Мне трудно теперь разбираться в детских переживаниях того времени.
Я помню только общее впечатление, которое сводилось к тому, что папа стал не тот и что-то с ним делается.
Весною 1878 года, великим постом, папа говел, а летом он был в Оптиной пустыни у старца отца Амвросия. В эти годы он был там дважды --в 1877 и 1881 году6.
170
Второй раз ходил он пешком с лакеем Сергеем Петровичем Арбузовым, который сам вызвался идти с ним в качестве товарища, в лаптях, с котомкой за плечами, и, несмотря на натертые на ногах мозоли, о путешествии своем он сохранил самые лучшие воспоминания.
Но монастырь и сам знаменитый отец Амвросий разочаровали его жестоко.
Придя туда, они, конечно, остановились в странноприимном доме, в грязи и во вшах, обедали они в страннической харчевне и как рядовые паломники должны были беспрекословно терпеть и подчиняться казарменной дисциплине монастыря.
-- Приходи сюда, садись тут, вот твоя койка, старик, -- и т. д.
Сергей Петрович, чтивший "графа", как может чтить только человек, родившийся еще во времена крепостного права, в конце концов не мог выдержать такого обращения с своим кумиром и, несмотря на просьбы отца не говорить, кто он, проболтался одному из монахов.

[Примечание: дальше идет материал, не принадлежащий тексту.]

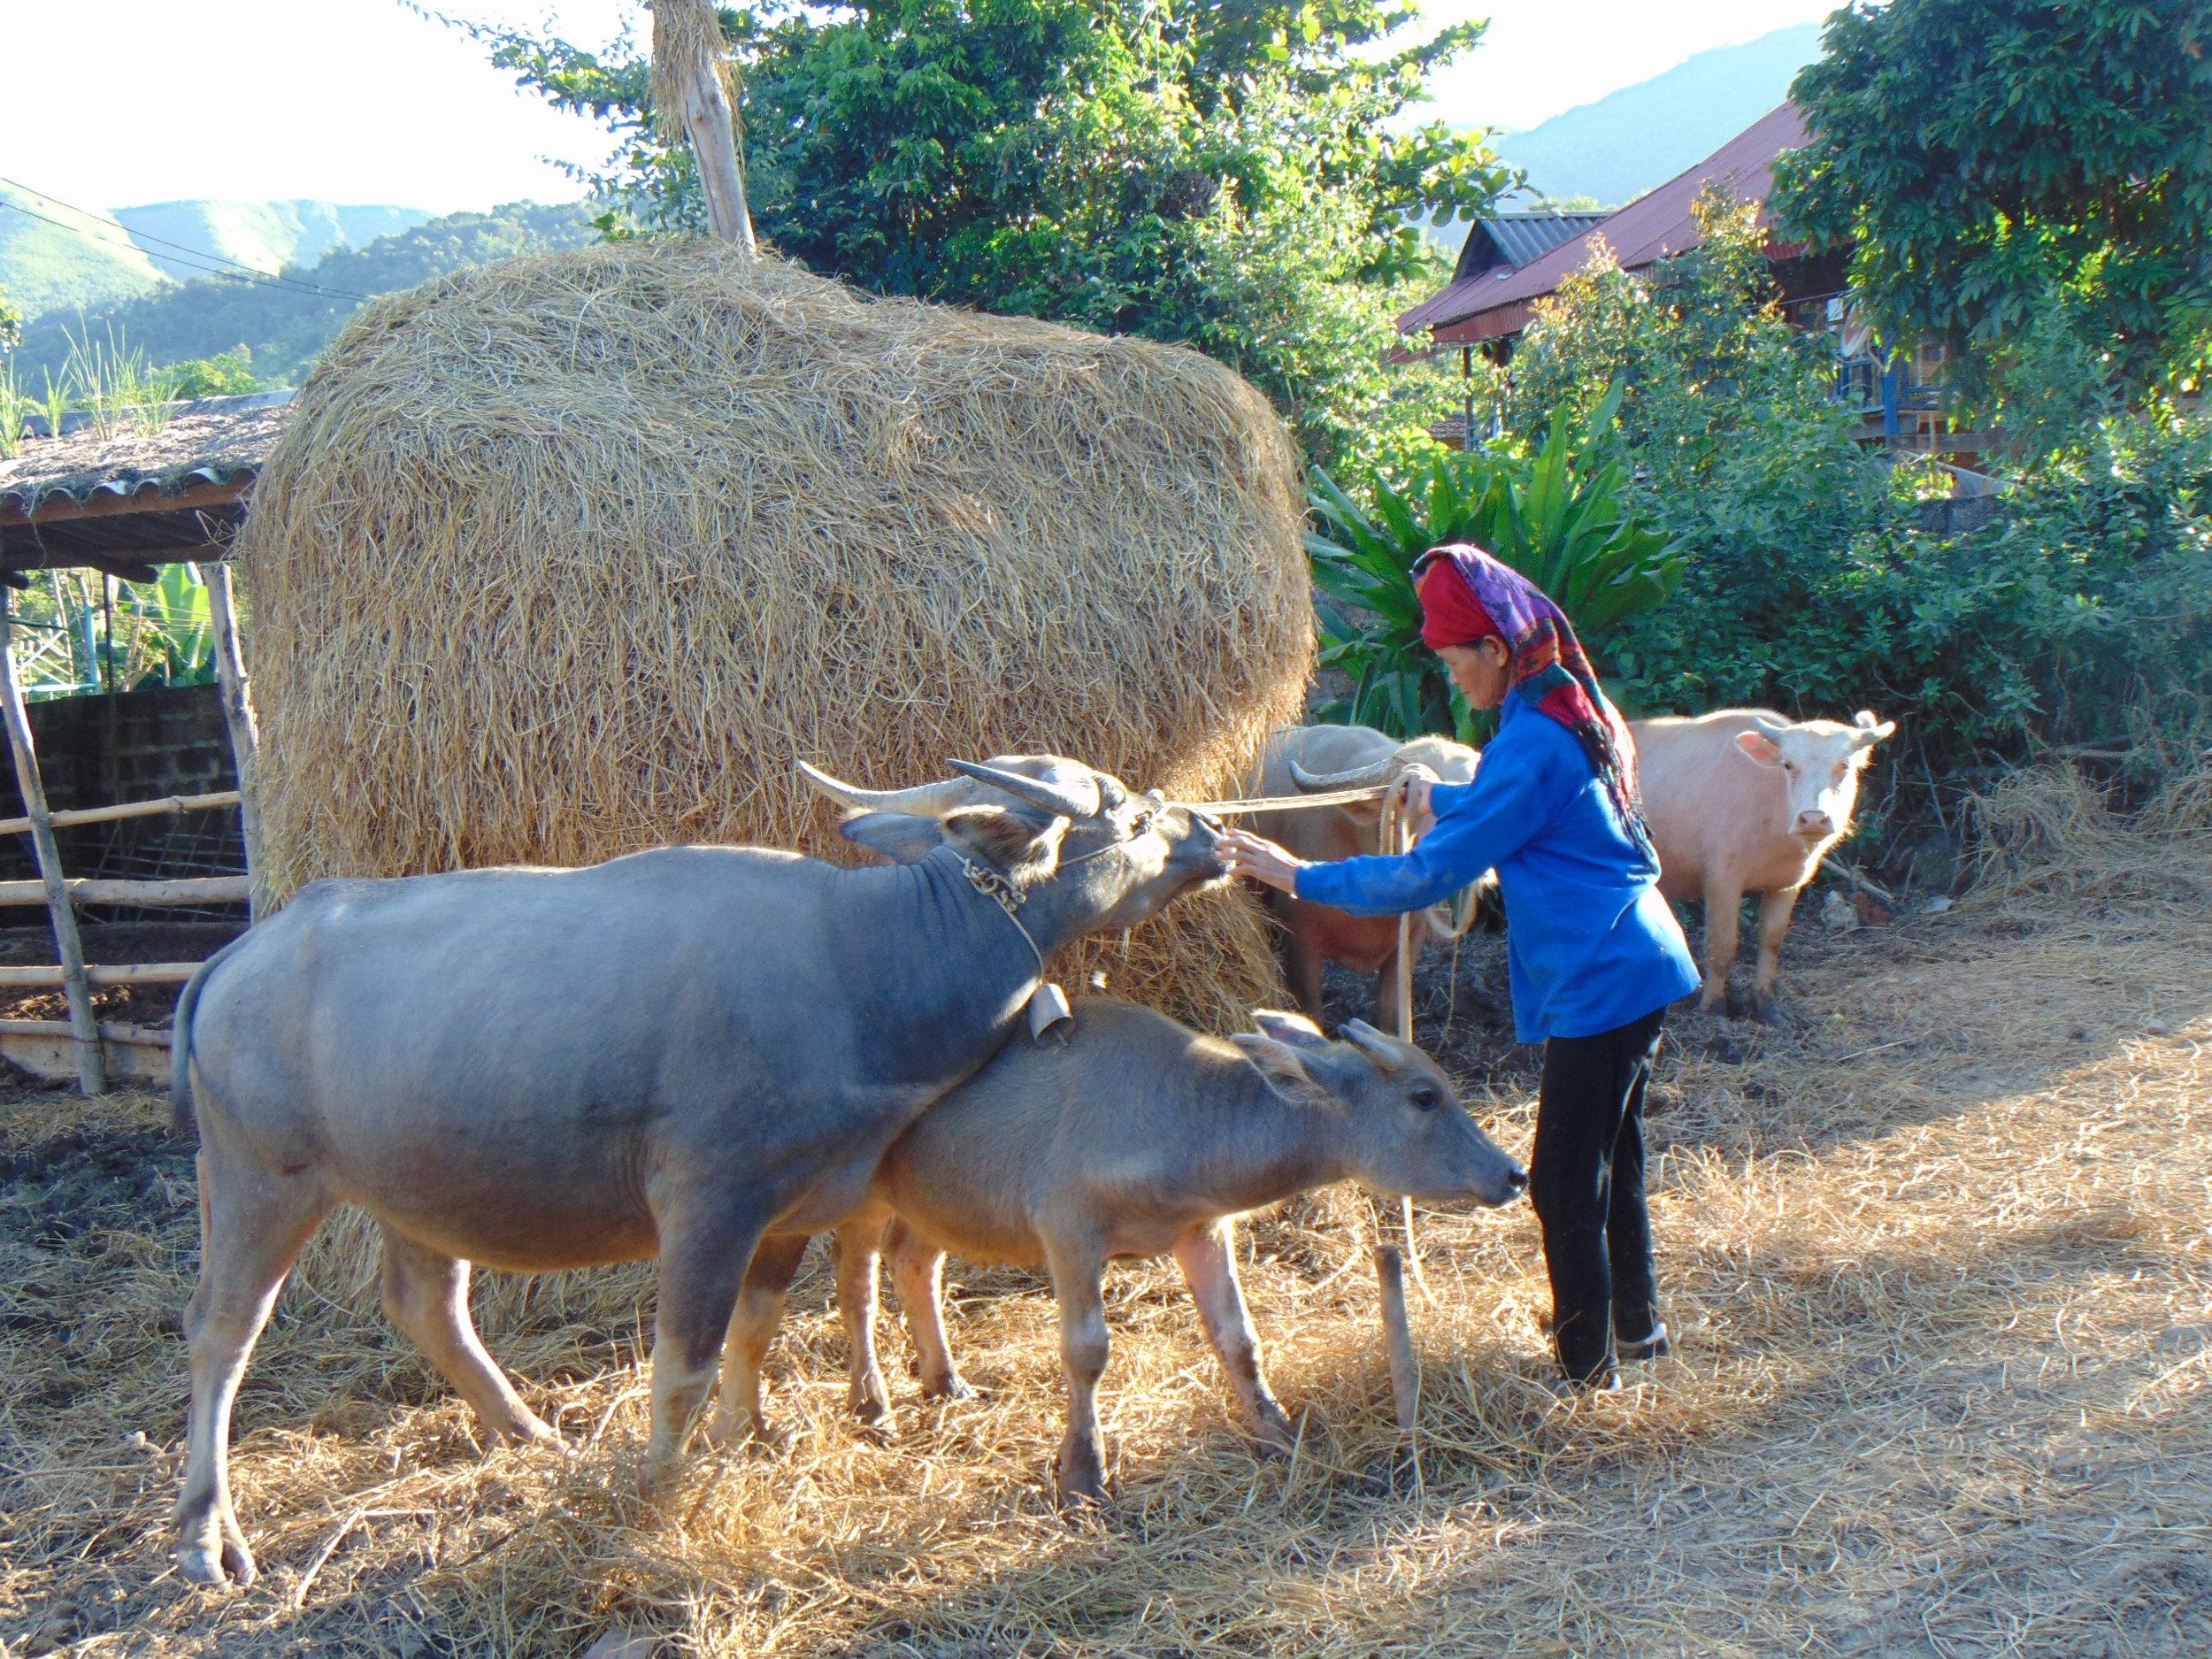 Anh Chị Em - Chương trình tín dụng vi mô - Chăn nuôi sản xuất

-- А вы знаете, кто этот старик со мной? Это сам Лев Николаевич Толстой.
-- Граф Толстой?
-- Да.
И вдруг все изменилось.
Монахи прибежали к отцу.
-- Ваше сиятельство, пожалуйте в гостиницу, для вас отвели лучший номер, ваше сиятельство, что прикажете сготовить вам покушать, -- и т. д.
Такое чинопочитание и, с одной стороны, грубость, с другой -- низкопоклонство произвели на отца очень отрицательное впечатление.

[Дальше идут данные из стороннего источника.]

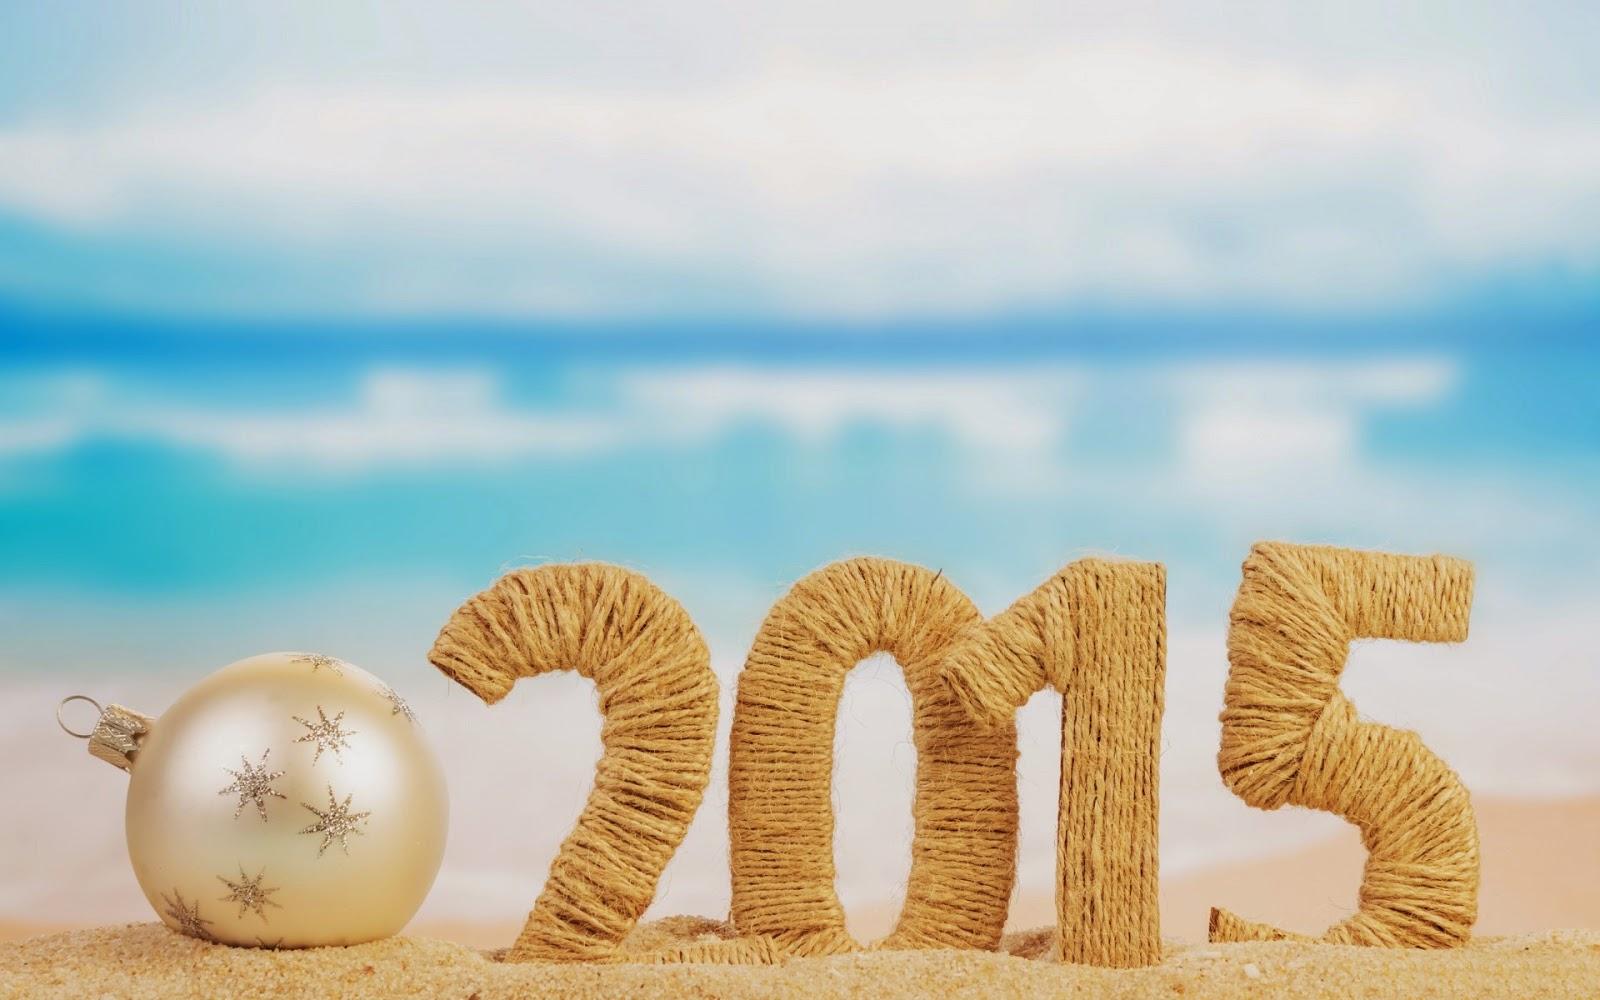 خلفيات رأس السنة 2015 ، صور احتفال بالعام الجديد Christmas 2015

Не изгладилось оно и после свидания его с Амвросием, в котором он ничего особенно хорошего и достойного не нашел.
Он вернулся из Оптиной пустыни недовольный, и вскоре после этого мы все чаще и чаще стали слышать от него сначала осуждение, а потом и полное отрицание всяких церковных обрядов и условностей.
Православие отца кончилось неожиданно.
Был пост. В то время для отца и желающих поститься готовился постный обед, для маленьких же детей и гувернанток и учителей подавалось мясное.
171
Лакей только что обнес блюда, поставил блюдо с оставшимися на нем мясными котлетами на маленький стол и пошел вниз за чем-то еще.

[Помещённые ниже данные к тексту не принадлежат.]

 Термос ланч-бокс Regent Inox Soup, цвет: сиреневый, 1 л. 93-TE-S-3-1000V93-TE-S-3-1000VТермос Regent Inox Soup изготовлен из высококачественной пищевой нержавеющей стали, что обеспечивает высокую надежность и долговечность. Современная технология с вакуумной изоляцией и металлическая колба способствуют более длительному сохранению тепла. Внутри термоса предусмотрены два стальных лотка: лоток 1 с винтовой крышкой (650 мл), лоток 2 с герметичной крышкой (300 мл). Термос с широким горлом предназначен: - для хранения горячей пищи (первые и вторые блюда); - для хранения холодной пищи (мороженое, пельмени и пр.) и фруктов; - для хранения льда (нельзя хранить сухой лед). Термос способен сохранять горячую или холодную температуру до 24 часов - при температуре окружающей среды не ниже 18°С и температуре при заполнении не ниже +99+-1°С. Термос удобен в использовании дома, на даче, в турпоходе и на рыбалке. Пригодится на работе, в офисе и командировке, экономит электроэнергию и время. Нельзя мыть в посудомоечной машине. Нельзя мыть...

Вдруг отец обращается ко мне (я всегда сидел с ним рядом) и, показывая на блюдо, говорит:
-- Илюша, подай-ка мне эти котлеты.
-- Левочка, ты забыл, что нынче пост, -- вмешалась мама.
-- Нет, не забыл, я больше не буду поститься и, пожалуйста, для меня постного больше не заказывай.
К ужасу всех нас он ел и похваливал.
Видя такое отношение отца, скоро и мы охладели к постам, и наше молитвенное настроение сменилось полным религиозным безразличием.
Я рассказываю о нравственных переживаниях отца эпизодами, так, как они представлялись тогда тринадцатилетнему мальчику. В мою задачу не входит анализ той огромной и интенсивной работы ума, которую он в это время совершил. Пусть те, которые этим интересуются, прочтут книгу Бирюкова7, или, еще лучше, пусть они прочтут труды моего отца самого. Там они увидят, почему отец не мог помириться с церковью и с ее искажением учения Христа.
Разочаровавшись в церкви, отец заметался еще больше. Начался в высшей степени мрачный период сжигания кумиров.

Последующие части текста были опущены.